SETTLEMENT OPTIONS Death proceeds of a life policy can be paid out in five different options: lump-sum, fixed amount, fixed period, interest only, and life income.
a. Lump-sum - Although this option is still available it is not used as frequently as the others.
b. Fixed amount - Policy proceeds plus interest are used to pay out a specified amount of income at regular intervals until the proceeds are exhausted.
c. Fixed period - Provides for equal payments of an amount that will exhaust the principal and interest by the end of the fixed period.
d. Interest only - Provides that the insurance company hold the death benefit in trust for a specified time, while the interest earned on the proceeds is paid to the beneficiary at stated intervals. The death proceeds are then payable under a life income plan.
e. Life income - Essentially the insurer uses the death proceeds to purchase a SPIA, even if the principal is depleted the income payments continue as long as the beneficiary is alive.
Definition: An illustration is a presentation that shows theoretical policy performance based on both guaranteed and non-guaranteed basics of a life insurance product over a given time frame. Illustrations demonstrate how a life insurance product works and how policy values (premiums, dividends, cash values, death benefits, etc.) accumulate under the current dividend schedule, which is not guaranteed, and may change over time. These are based on certain expectations of what will or might happen. When premiums, rates of returns and death benefits are fixed, this is not a problem. However, when these become variable, the projected numbers are not guaranteed.
Are illustrations a good way to predict future performance?
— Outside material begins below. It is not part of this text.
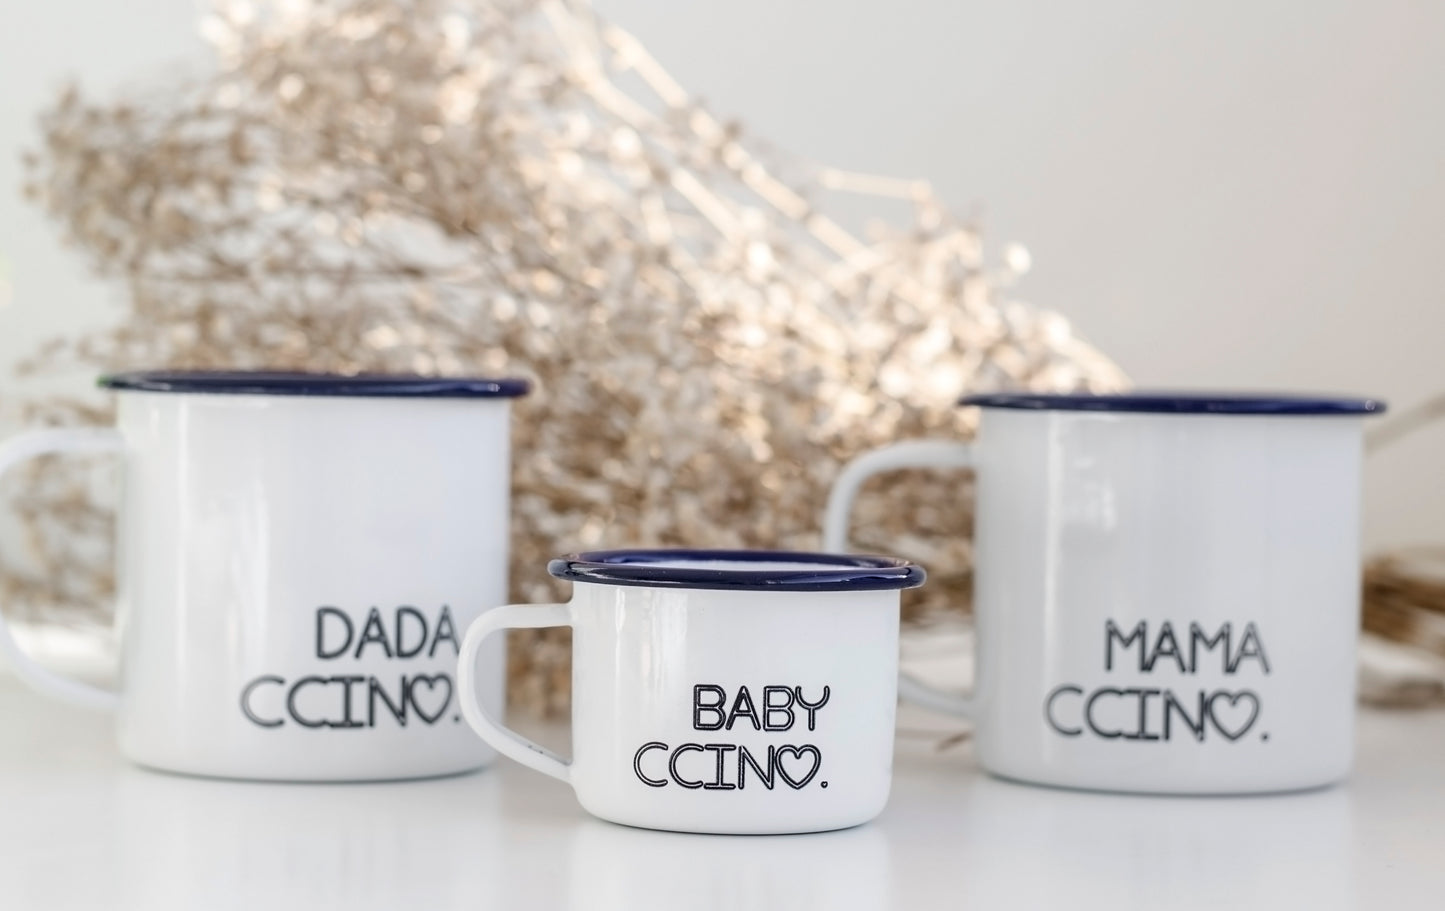 Babyccino - My Ccino Engraved Enamel Mug - One Mama One Shed

No, illustrations should not be used to project future performance or as a means to compare products. Dividend performance may change over time. Since future policy values almost certainly will be different from those illustrated, illustrations of dividends and non-guaranteed values are not intended to be and should not be used as "estimates" of future performance. Professionals are strongly encouraged to use illustrations based on dividend interest rates one or two percentage points below the current rate to see how policies would react to changes in dividends, especially when illustrating situations that are particularly sensitive to dividend schedule changes.